▶ [SOURCE DATA]
====================
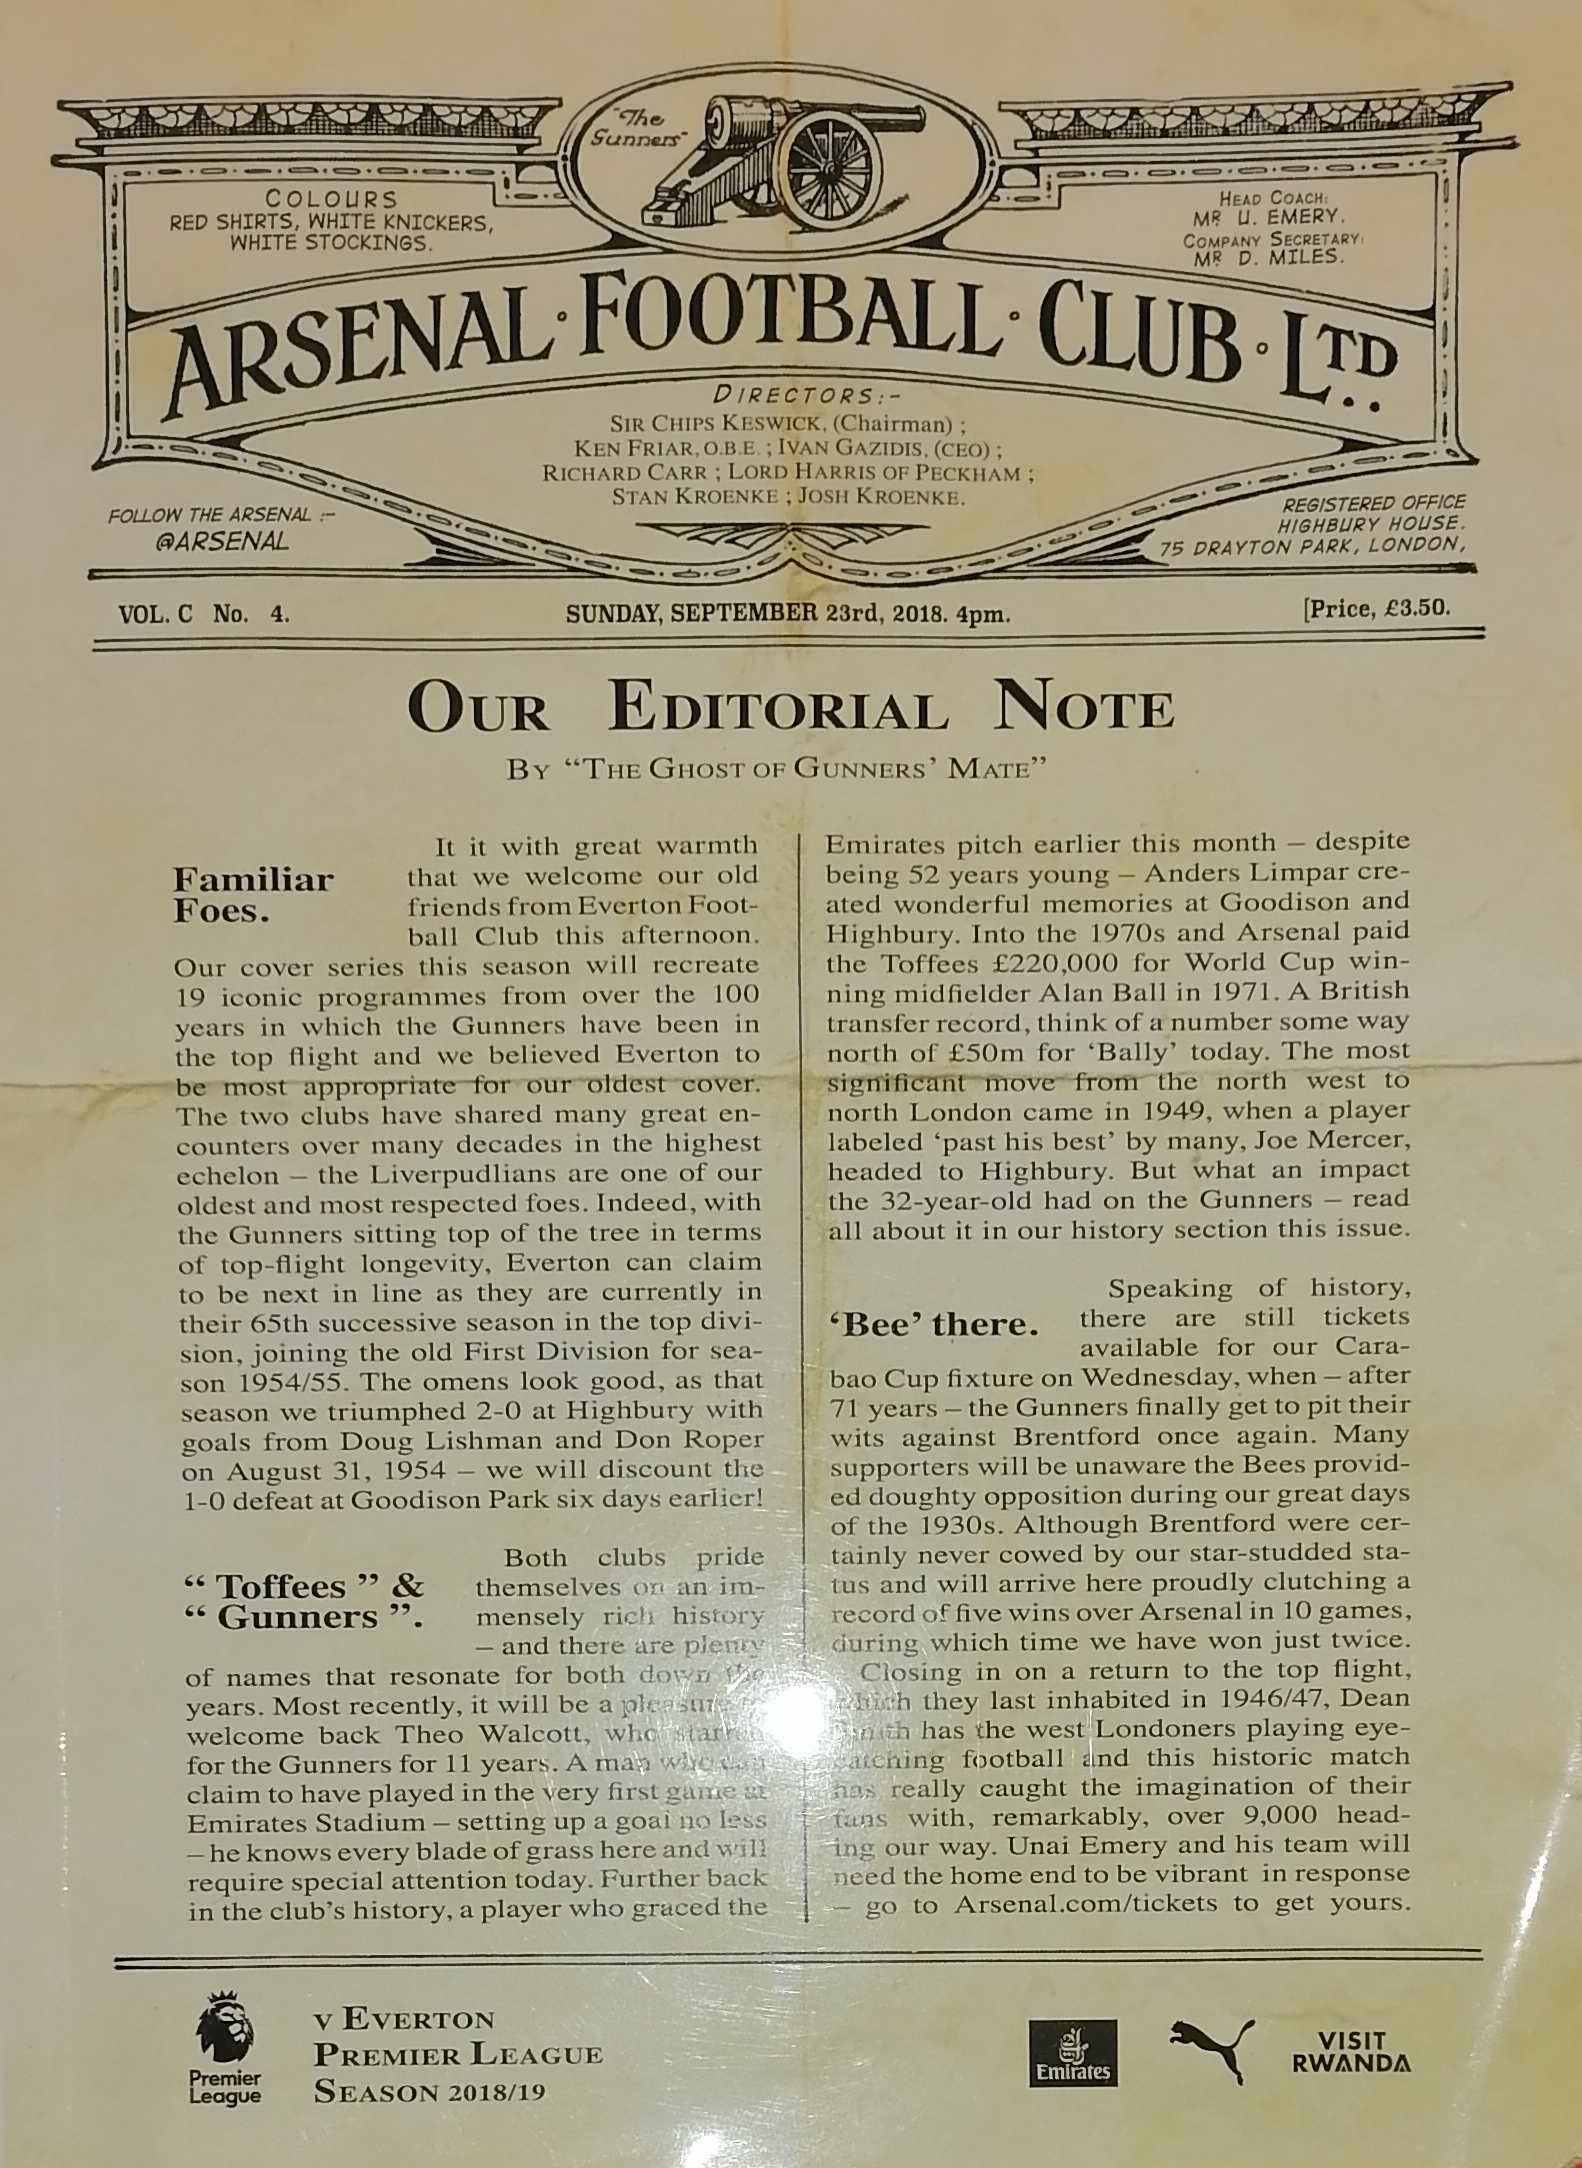 Arsenal Football Club Ltd
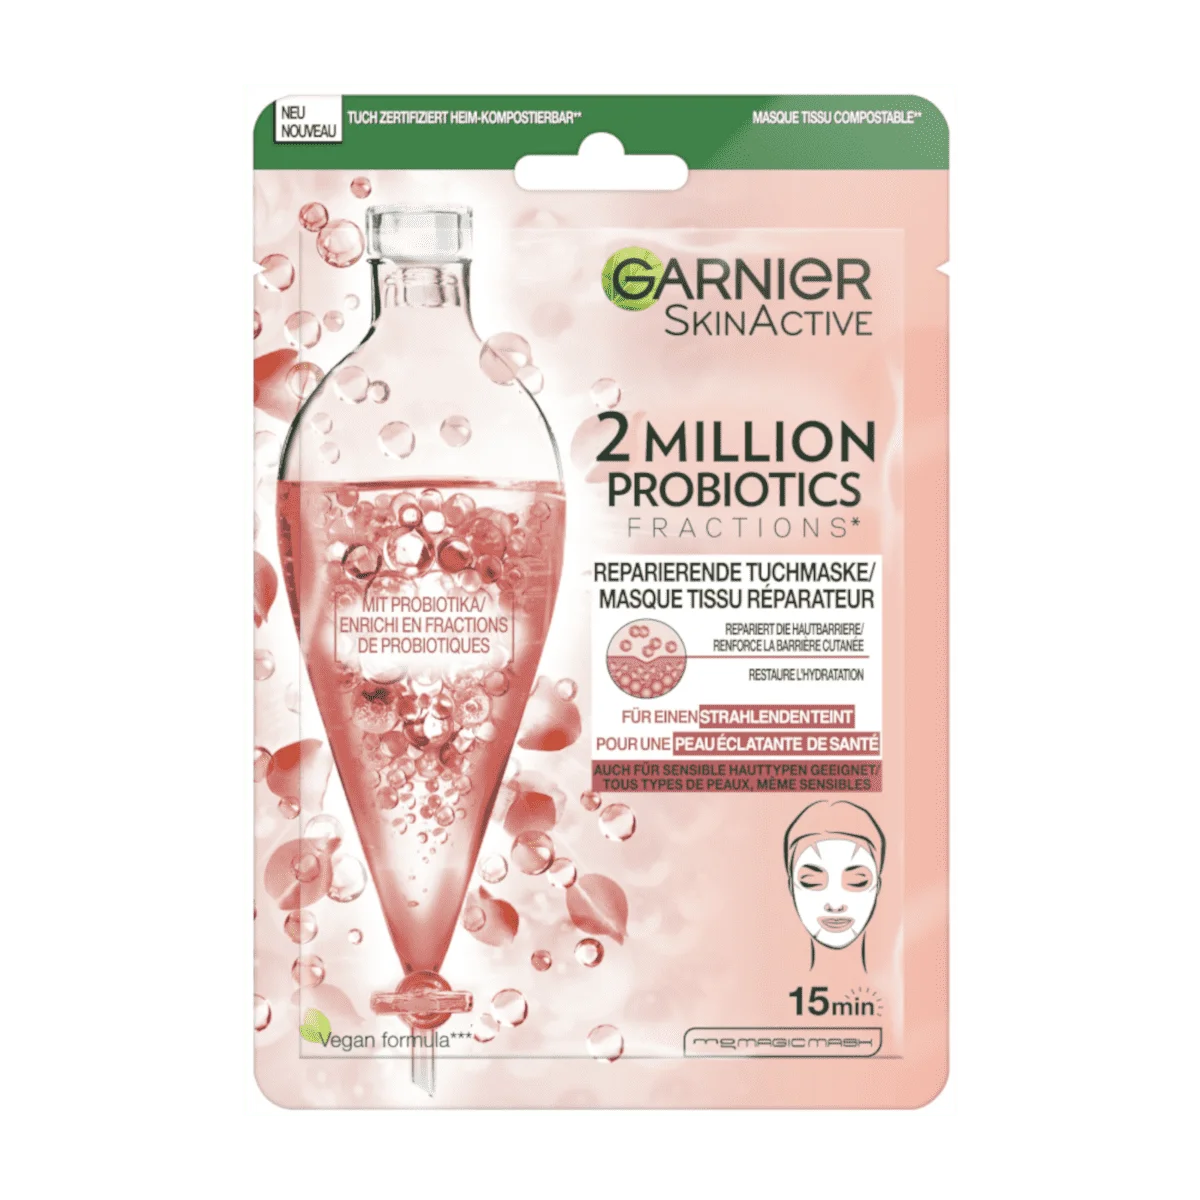 Garnier SkinActive Tuchmaske 2 Million Probiotics, 1 Stk
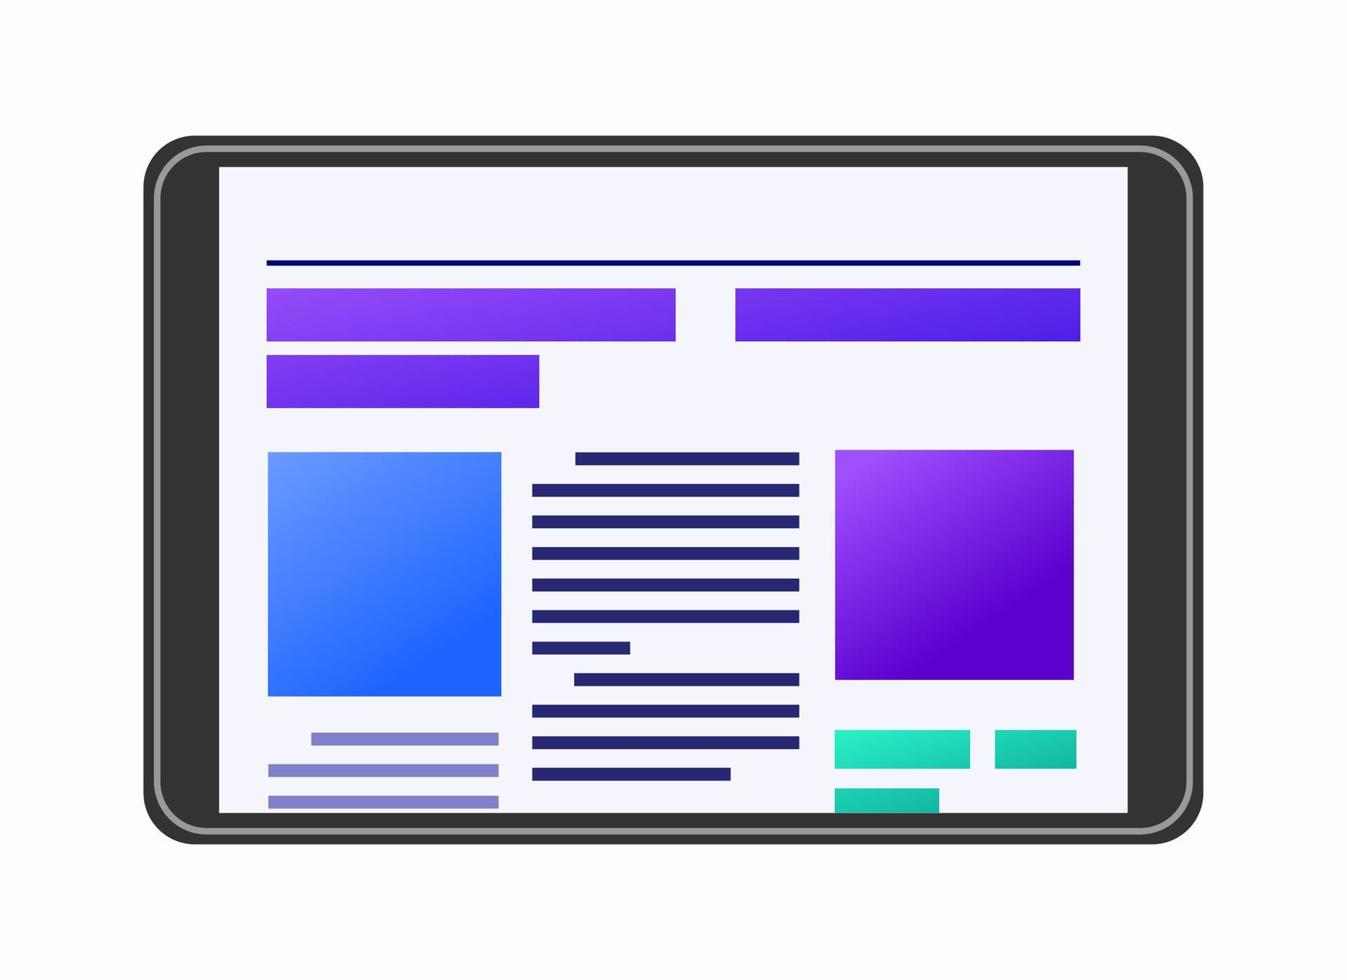 krant op digitale tablet pictogram vectorillustratie voor bedrijfsrapport en presentatie over het lezen van digitale media informatie kop nieuws vector
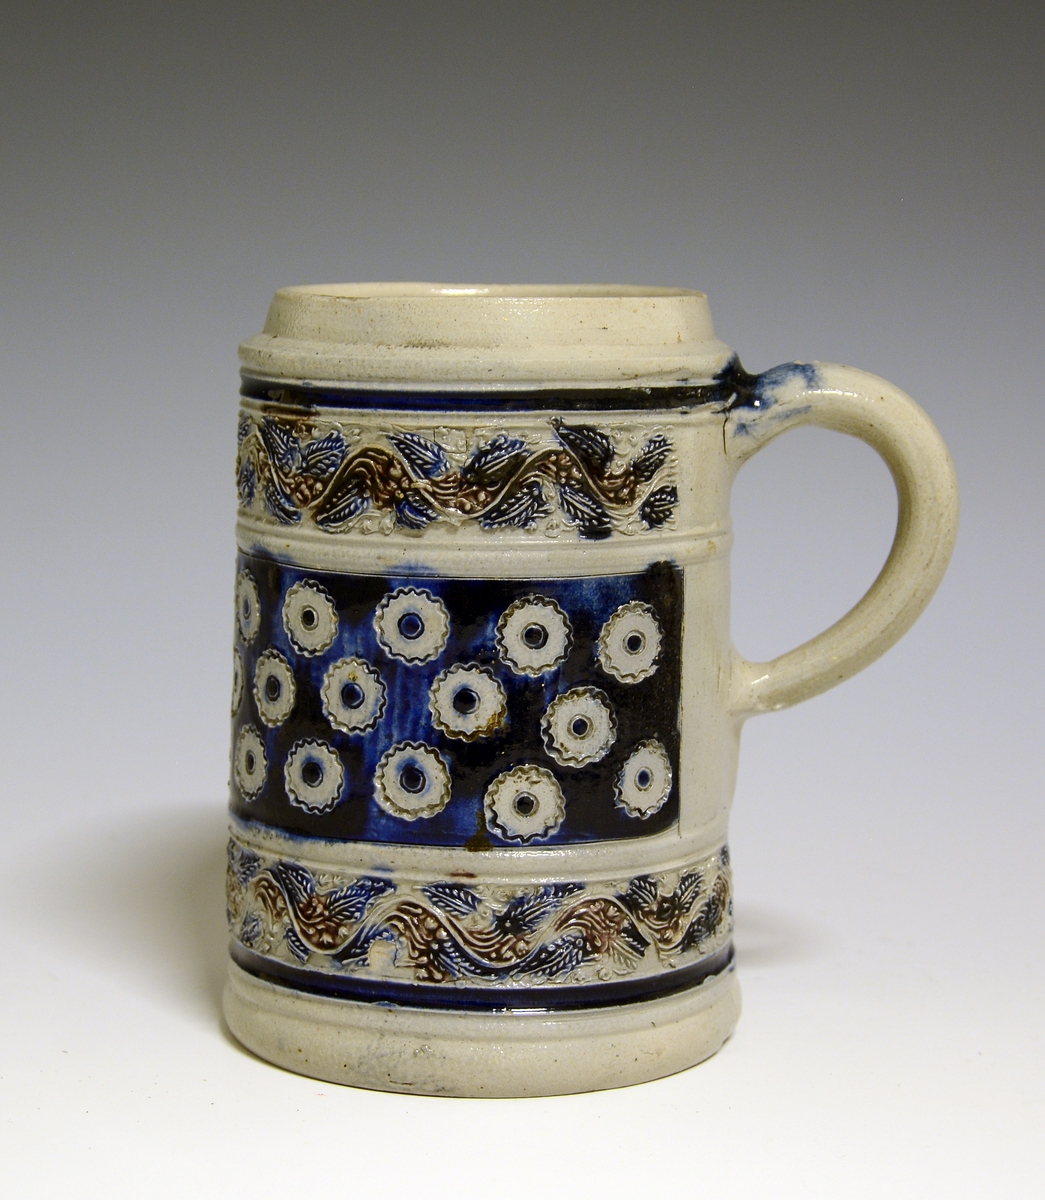 Ølkrus av steintøy med hank. Dekorert med border og mønster i relieff, i blått og manganrødt.

Prot: Tysk keramikk.
====================
▶ [INSTRUCTIONS TO FOLLOW] Locate "krant op digitale" in the entries above. Copy, exactly and only, the lines from that line to the end, leaving out the pictures.

▶ [ANSWER BOX]
 krant op digitale tablet pictogram vectorillustratie voor bedrijfsrapport en presentatie over het lezen van digitale media informatie kop nieuws vector
 Ølkrus av steintøy med hank. Dekorert med border og mønster i relieff, i blått og manganrødt.

Prot: Tysk keramikk.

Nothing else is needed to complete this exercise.